Noise, Information Theory, and Entropy
Basics of Compression Goals: to understand how image/audio/video signals are compressed to save storage and increase transmission efficiency to understand.
15-853Page :Algorithms in the Real World Data Compression II Arithmetic Coding – Integer implementation Applications of Probability Coding – Run.
Source Coding-Compression
Dr.-Ing. Khaled Shawky Hassan
296.3Page 1 CPS 296.3:Algorithms in the Real World Data Compression: Lecture 2.5.
Page 110/6/2015 CSE 40373/60373: Multimedia Systems So far  Audio (scalar values with time), image (2-D data) and video (2-D with time)  Higher fidelity.
1 Analysis of Algorithms Chapter - 08 Data Compression.
Huffman Coding Dr. Ying Lu RAIK 283 Data Structures & Algorithms.

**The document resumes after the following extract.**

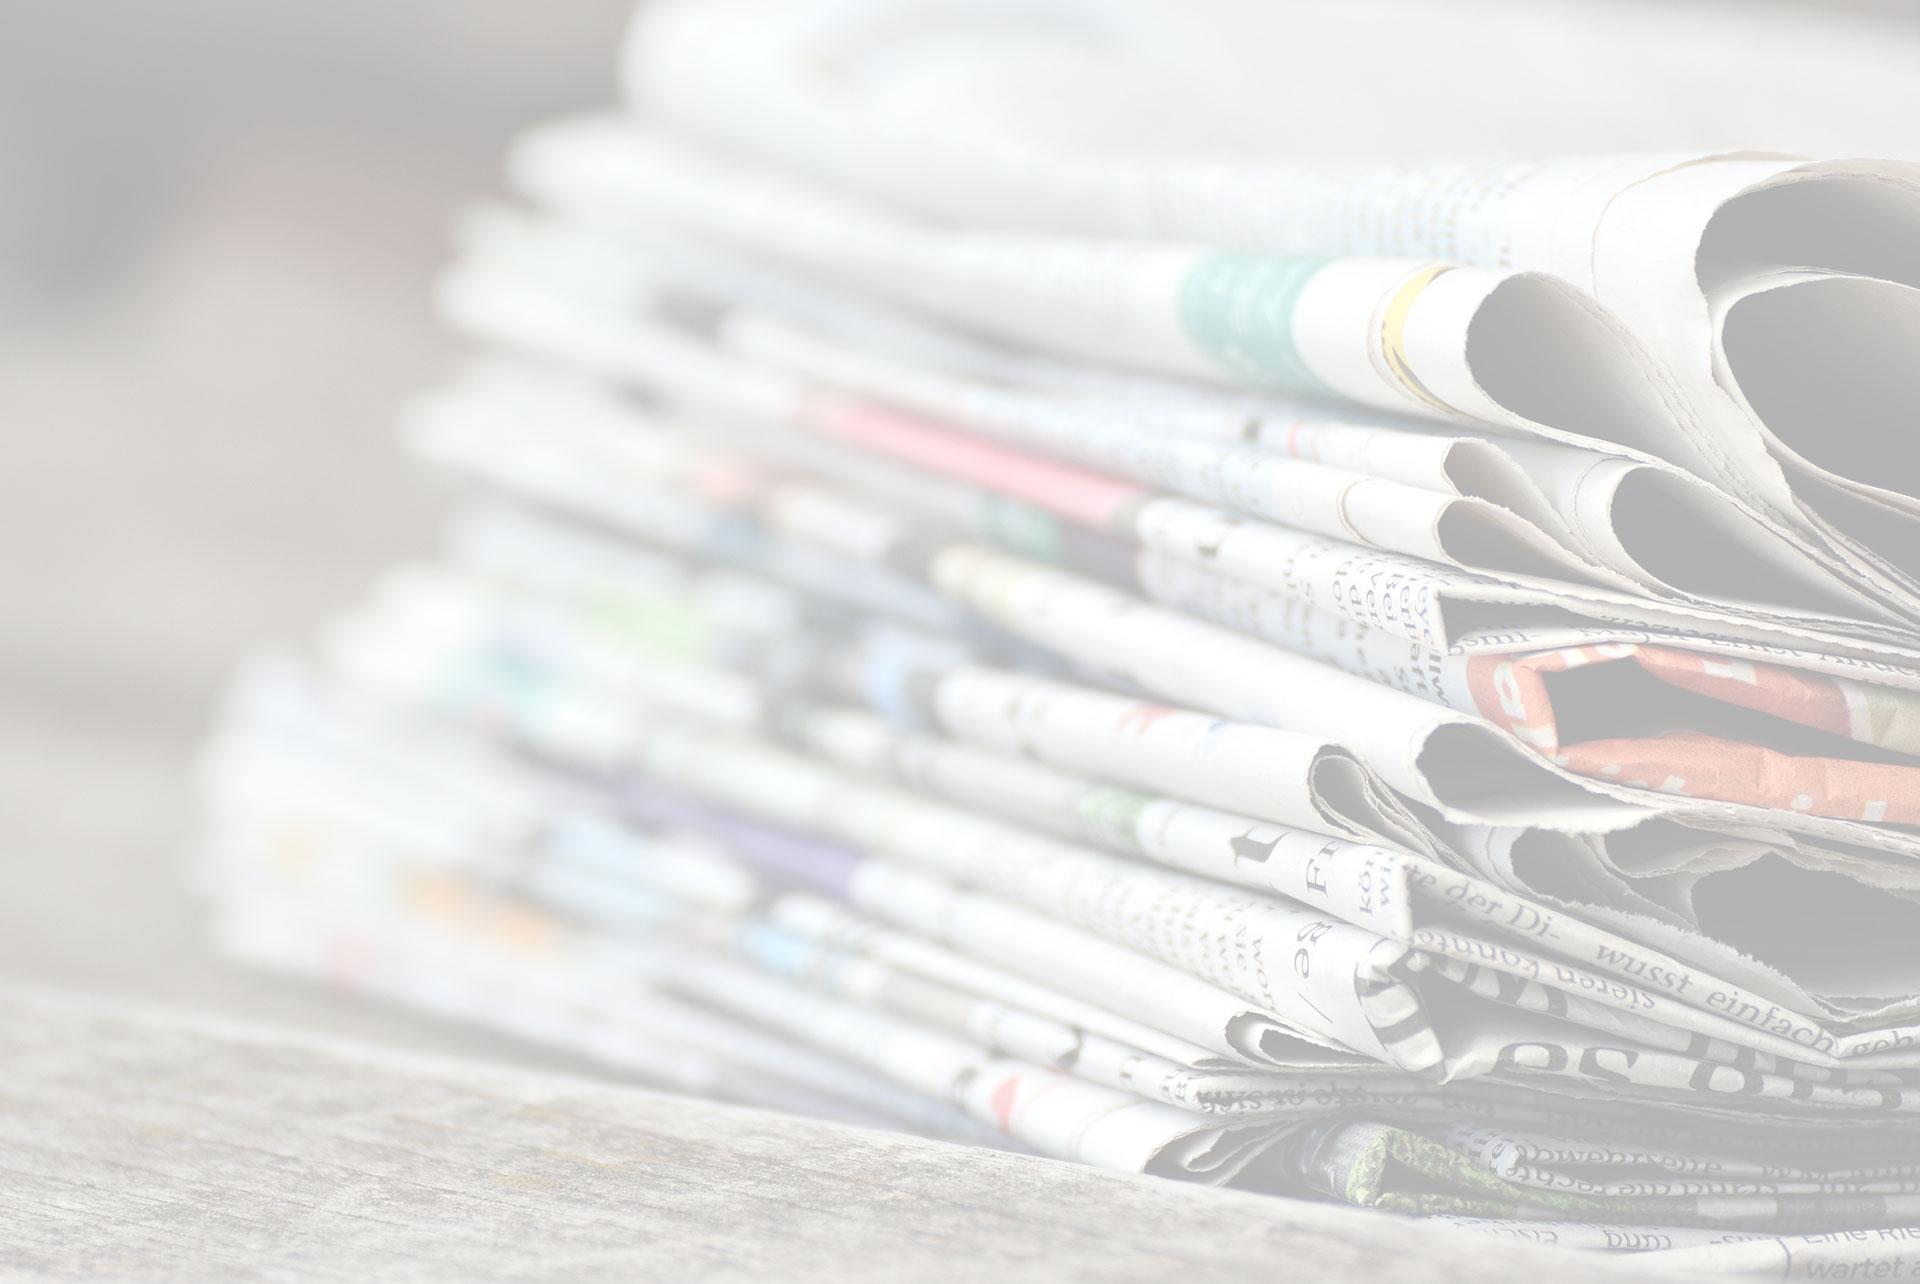 Follia a Hong Kong: video porno sullo schermo dell'Ikea: mamme e figlie in fuga

Linawati Electrical Engineering Department Udayana University
Lossless Compression CIS 465 Multimedia. Compression Compression: the process of coding that will effectively reduce the total number of bits needed to.

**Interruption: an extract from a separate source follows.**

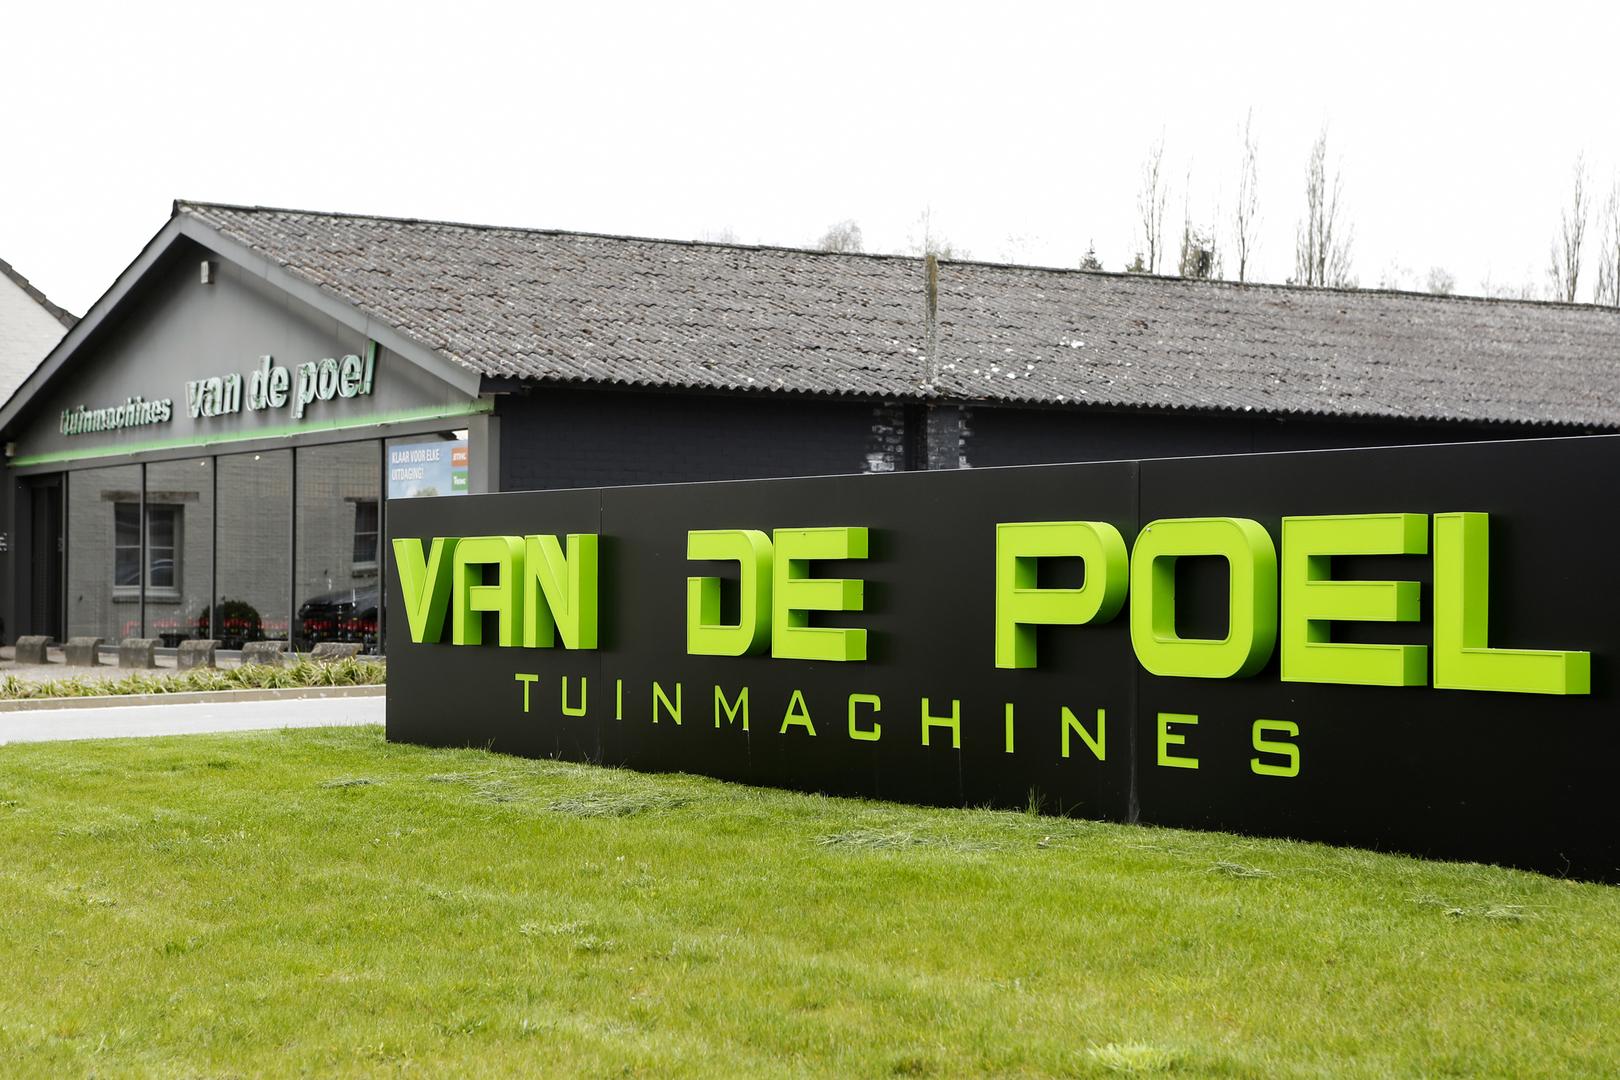 Van De Poel - Van de poel tuinmachines in beeld

Introduction to Algorithms Chapter 16: Greedy Algorithms.
Prof. Amr Goneid, AUC1 Analysis & Design of Algorithms (CSCE 321) Prof. Amr Goneid Department of Computer Science, AUC Part 8. Greedy Algorithms.

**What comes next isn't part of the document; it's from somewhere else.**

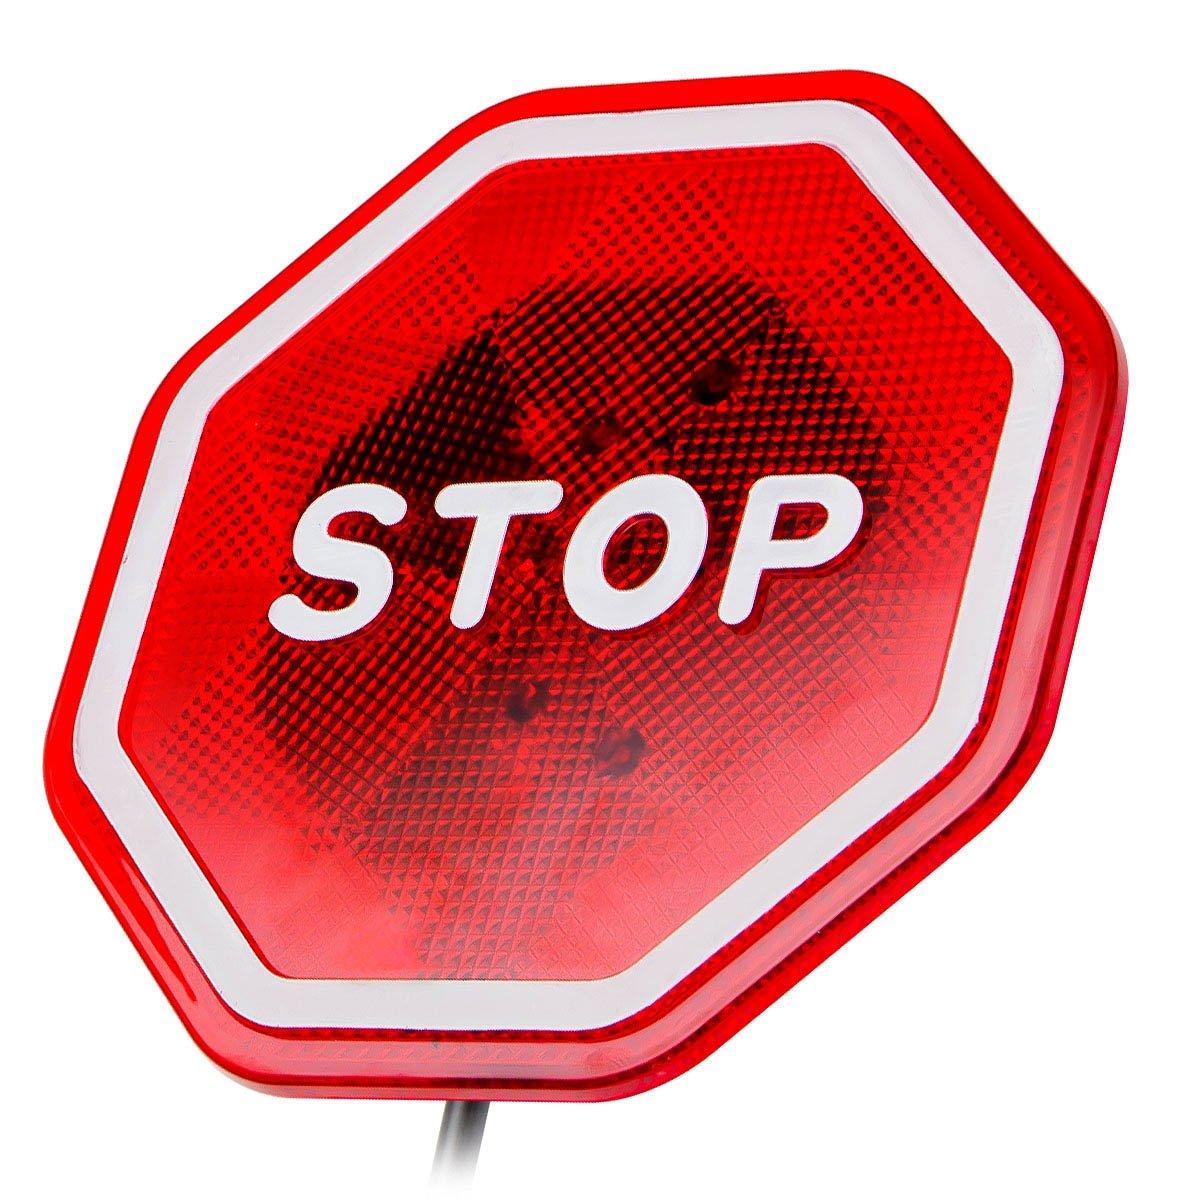 Car Flashing LED Light Garage Parking Signal Stop Sign

Huffman coding Content 1 Encoding and decoding messages Fixed-length coding Variable-length coding 2 Huffman coding.
Abdullah Aldahami ( ) April 6,  Huffman Coding is a simple algorithm that generates a set of variable sized codes with the minimum average.
Lecture 4: Lossless Compression(1) Hongli Luo Fall 2011.
CS654: Digital Image Analysis Lecture 34: Different Coding Techniques.
Digital Image Processing Lecture 22: Image Compression
Bahareh Sarrafzadeh 6111 Fall 2009
Multi-media Data compression
1 Data Compression Hae-sun Jung CS146 Dr. Sin-Min Lee Spring 2004.
Chapter 7 Lossless Compression Algorithms 7.1 Introduction 7.2 Basics of Information Theory 7.3 Run-Length Coding 7.4 Variable-Length Coding (VLC) 7.5.
1 Decision Trees Greg Grudic (Notes borrowed from Thomas G. Dietterich and Tom Mitchell) [Edited by J. Wiebe] Decision Trees.
Fundamentals of Multimedia Chapter 6 Basics of Digital Audio Ze-Nian Li and Mark S. Drew 건국대학교 인터넷미디어공학부 임 창 훈.
Entropy vs. Average Code-length Important application of Shannon’s entropy measure is in finding efficient (~ short average length) code words The measure.
ENTROPY Entropy measures the uncertainty in a random experiment. Let X be a discrete random variable with range S X = { 1,2,3,... k} and pmf p k = P X.
UNIT I. Entropy and Uncertainty Entropy is the irreducible complexity below which a signal cannot be compressed. Entropy is the irreducible complexity.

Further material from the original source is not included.